On my machine running Python 2.4 on thoroughly shuffled lists of 1,000 integers, top10 takes about 260 microseconds with isorted, while it takes about 850 microseconds with the built-in sorted. However, Python 2.3 is much slower and gives vastly different results: about 12 milliseconds with isorted, about 2.7 milliseconds with sorted. In other words, Python 2.3 is 3 times slower than Python 2.4 for sorted, but it’s 50 times slower for isorted. Lesson to retain: whenever you optimize, measure. You shouldn’t choose optimizations based on first principles, since the performance numbers can vary so widely, even between vastly compatible “point releases”. A secondary point can be made: if you care about performance, move to Python 2.4 as soon as you can.
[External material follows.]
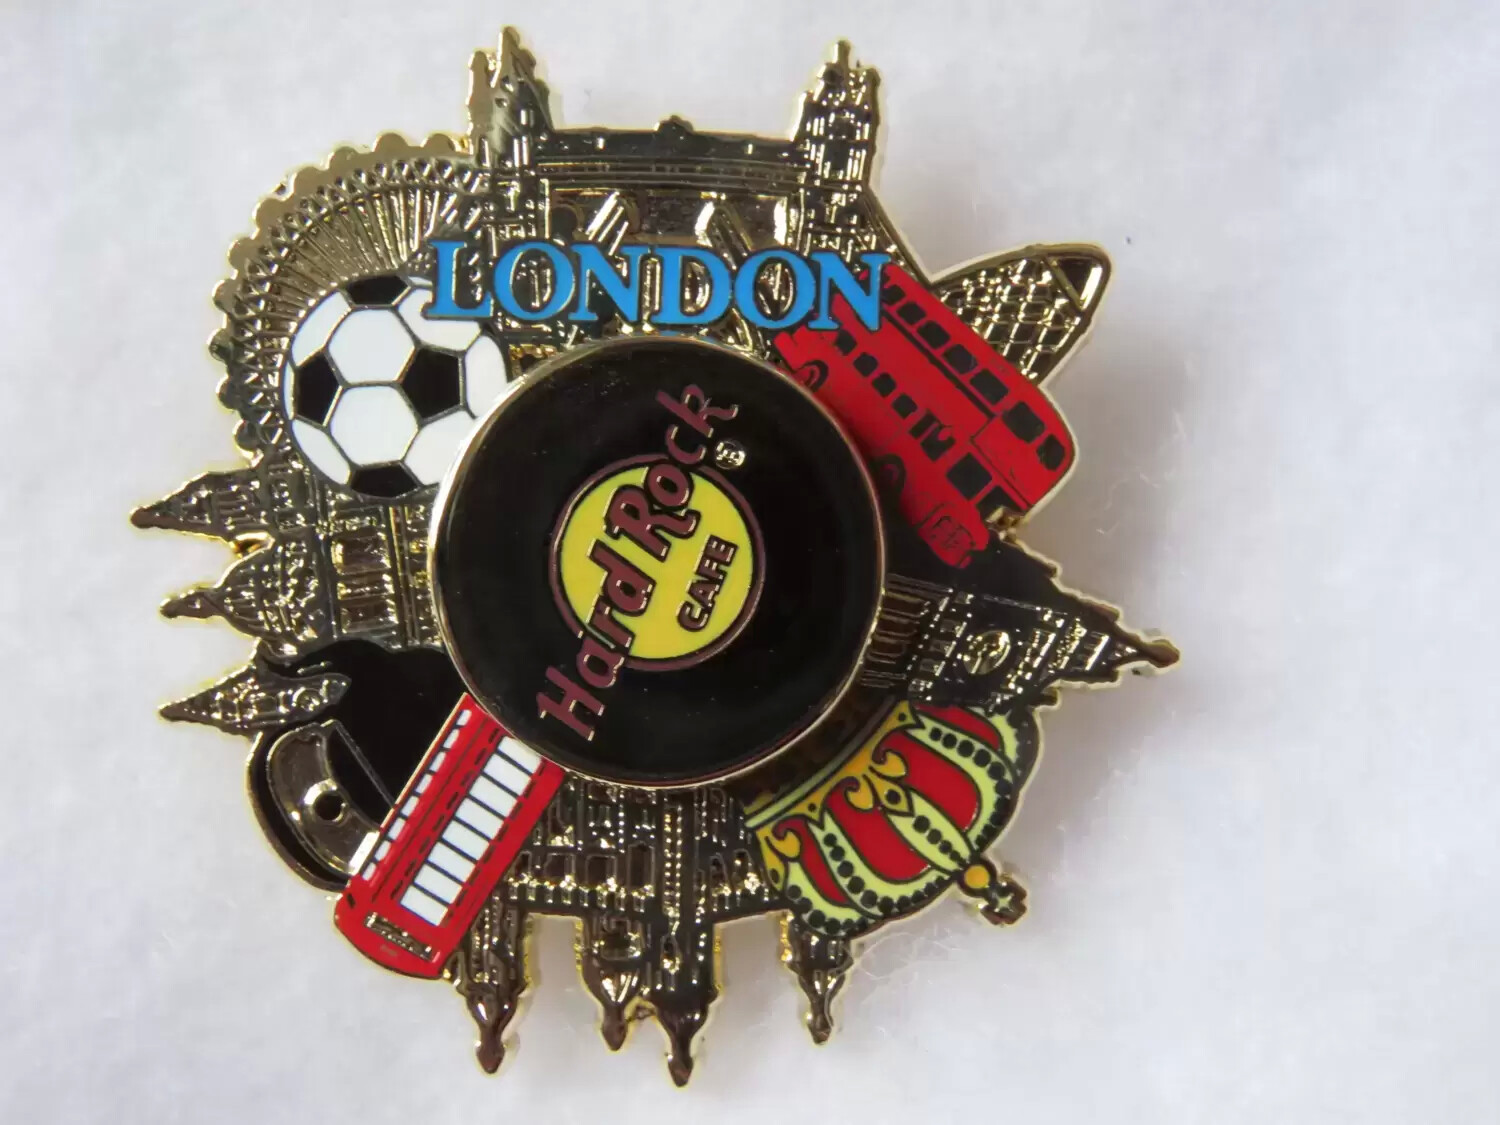 Spin City Piccadilly Circus - Hard Rock Cafe Pins

Python 2.4 has been vastly optimized and accelerated over Python 2.3, particularly in areas related to searching and sorting.
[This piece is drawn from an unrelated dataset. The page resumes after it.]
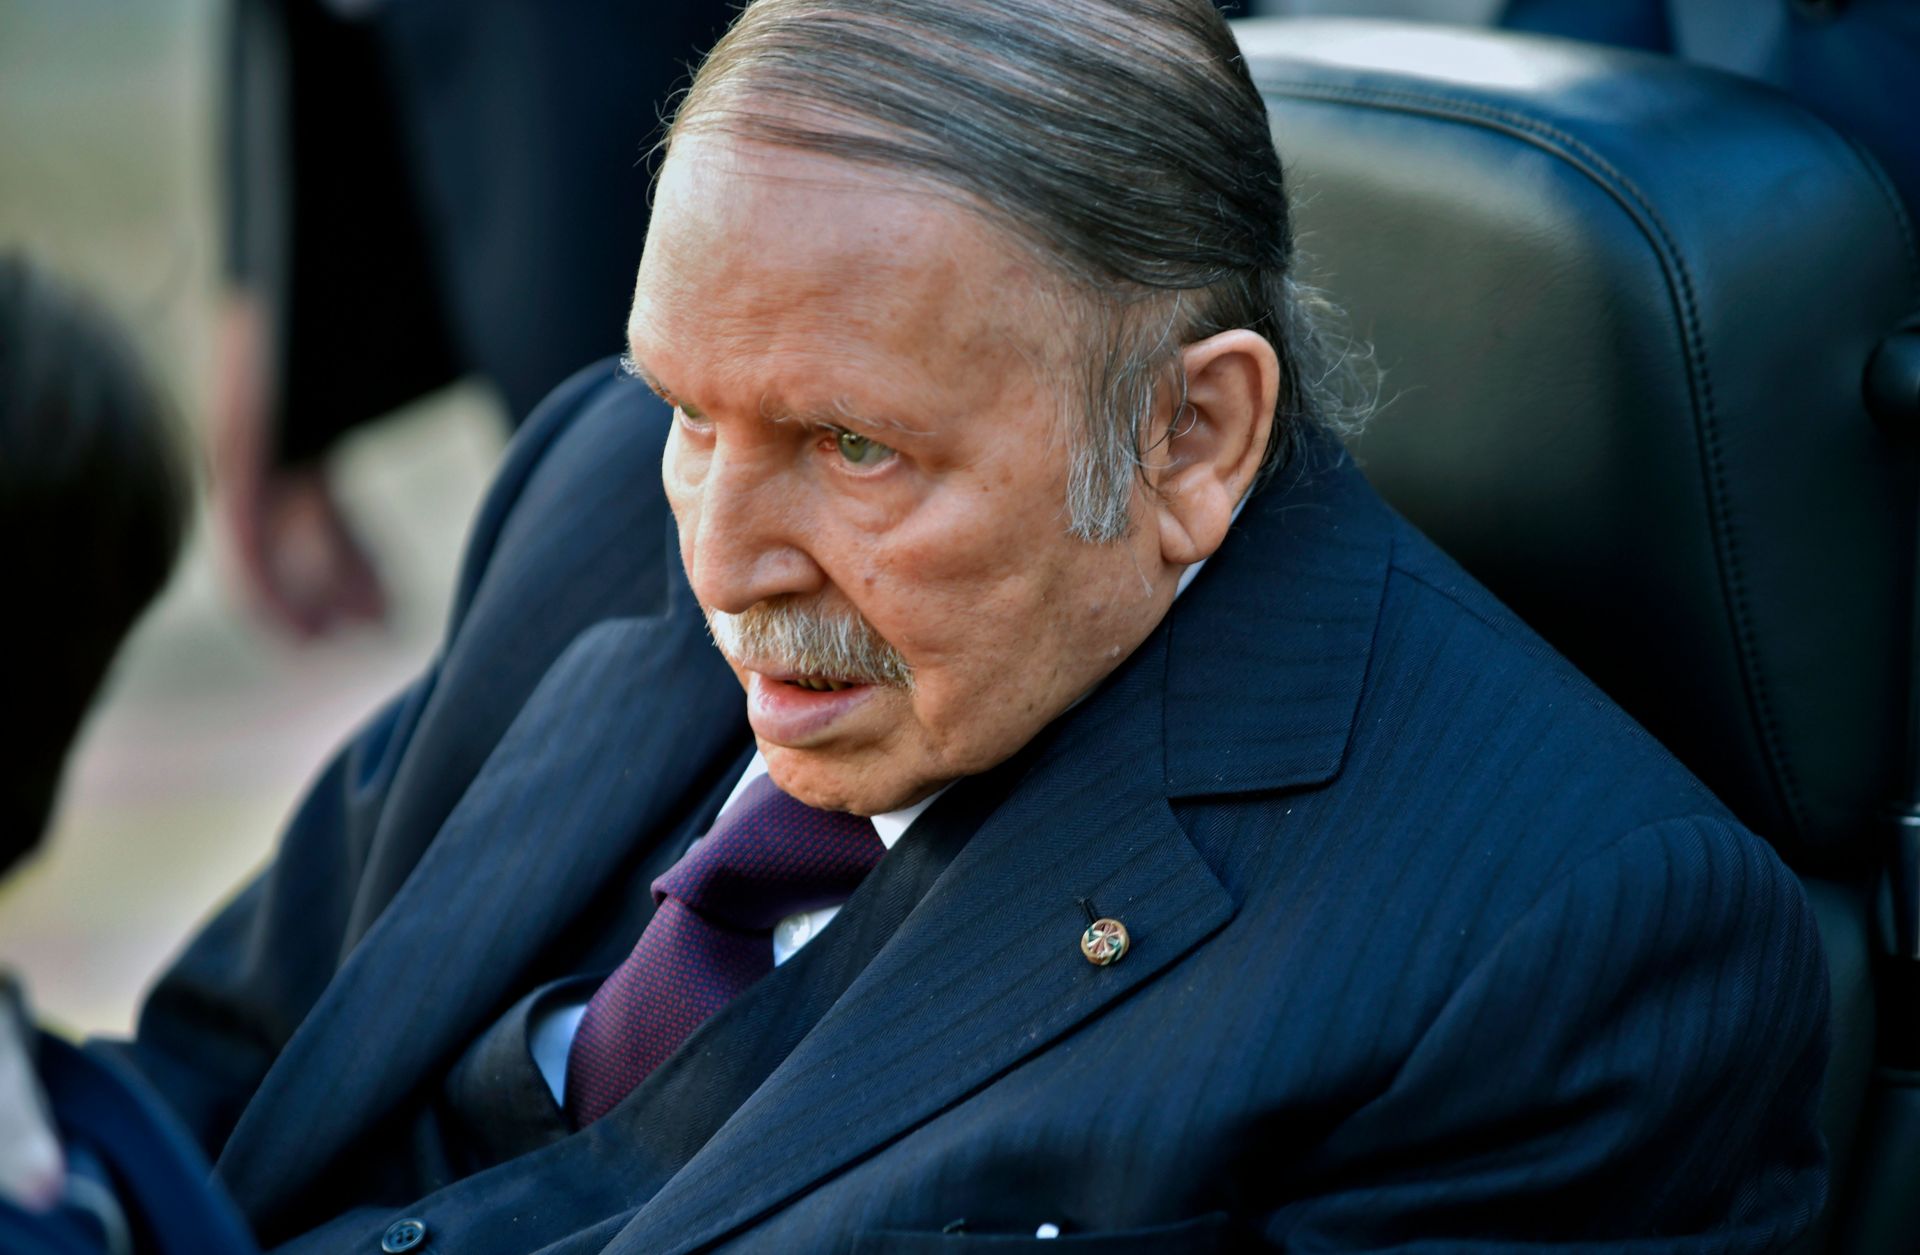 Algerian President Abdel Aziz Bouteflika is seen heading to vote at a polling station in Algiers on November 23, 2017.

If you know that your code need only support Python 2.4, then, as this recipe’s Solution indicates, using heapq’s new function nsmallest is faster, as well as simpler, than doing your own coding. To implement top10 in Python 2.4, for example, you just need:

import heapq
def top10(data):
    return heapq.nsmallest(10, data)

This version takes about half the time of the previously shown isorted-based top10, when called on the same thoroughly shuffled lists of 1,000 integers.
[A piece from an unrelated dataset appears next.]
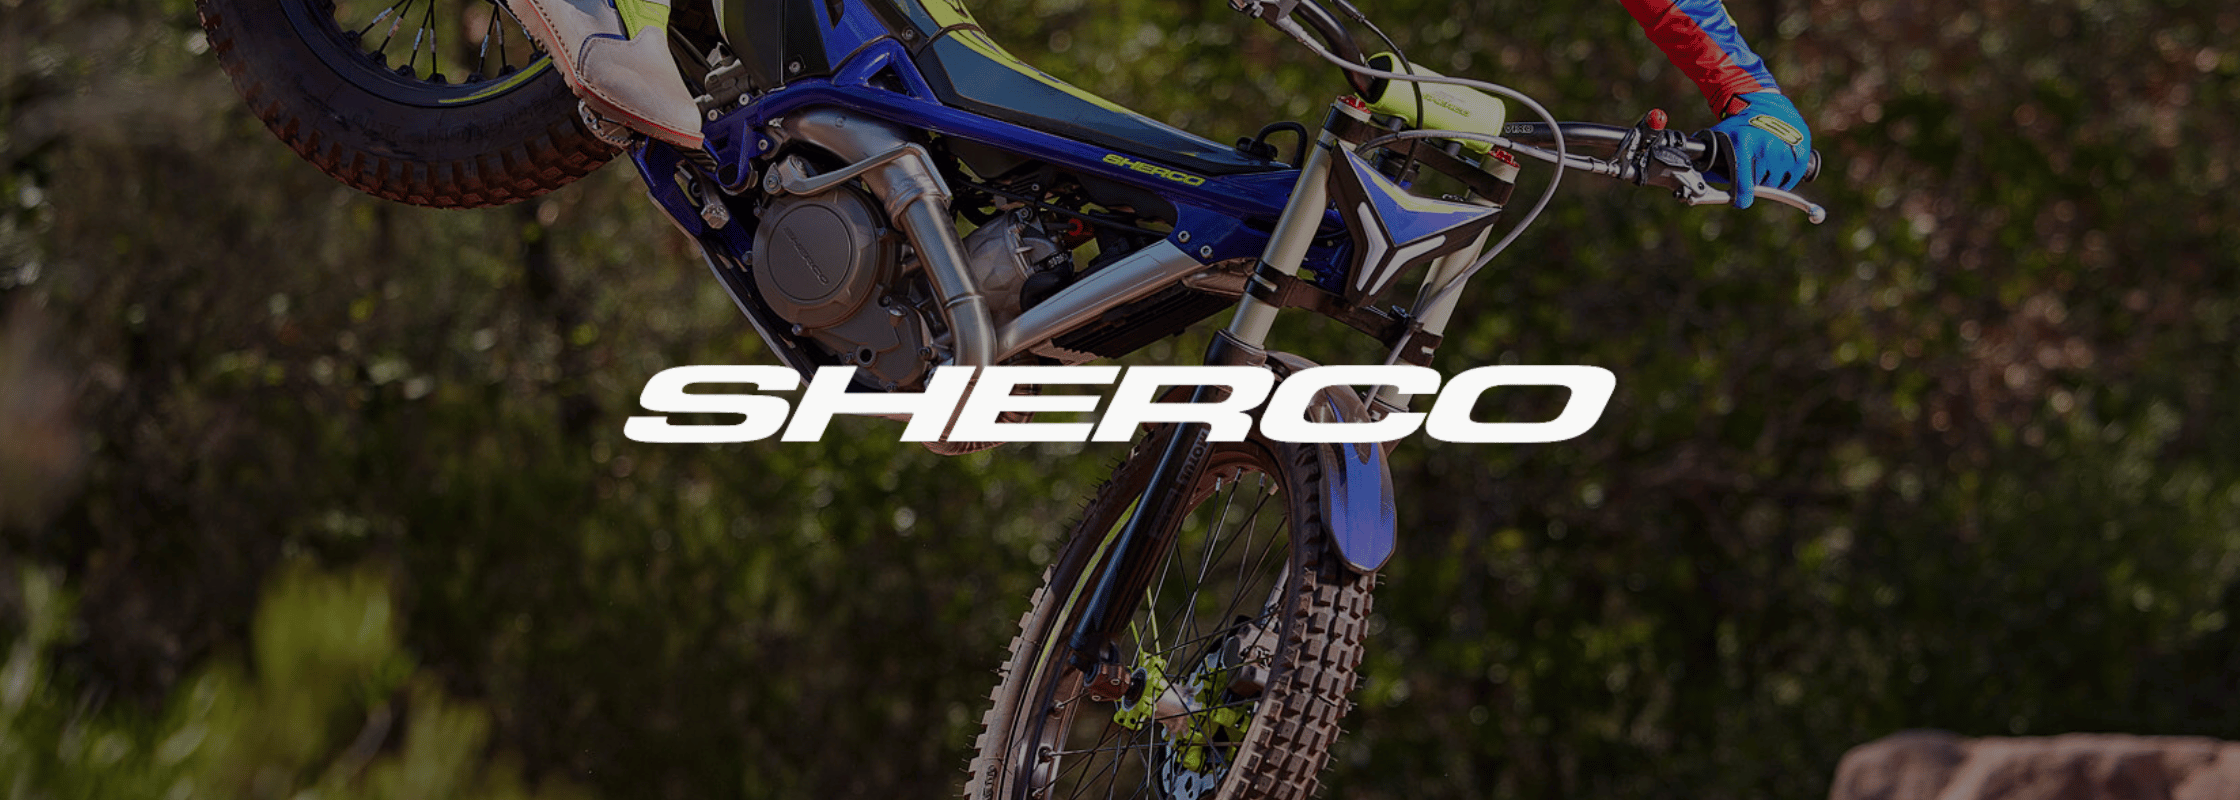 Sherco Trials Bikes for Sale Barnsley South Yorkshire

5.9. Looking for Items in a Sorted Sequence

Credit: Noah Spurrier

Problem

You need to look for a lot of items in a sequence.

Solution

If list L is sorted, module bisect from the Python Standard Library makes it easy to check if some item x is present in L:

import bisect
x_insert_point = bisect.bisect_right(L, x)
x_is_present = L[x_insert_point-1:x_insert_point] == [x]

Discussion

Looking for an item x in a list L is very easy in Python: to check whether the item is there at all, if x in L; to find out where exactly it is, L.index(x). However, if L has length n, these operations take time proportional to n—essentially, they just loop over the list’s items, checking each for equality to x. If L is sorted, we can do better.

The classic algorithm to look for an item in a sorted sequence is known as binary search, because at each step it roughly halves the range it’s still searching on—it generally takes about log ₂ n steps. It’s worth considering when you’re going to look for items many times, so you can amortize the cost of sorting over many searches. Once you’ve decided to use binary search for x in L, after calling L.sort( ), module bisect from the Python Standard Library makes the job easy.

Specifically, we need function bisect.bisect_right, which returns the index where an item should be inserted, to keep the sorted list sorted, but doesn’t alter the list; moreover, if the item already appears in the list, bisect_right returns an index that’s just to the right of any items with the same value. So, after getting this “insert point” by calling bisect.bisect_right(L, x), we need only to check the list immediately before the insert point, to see if an item equal to x is already there.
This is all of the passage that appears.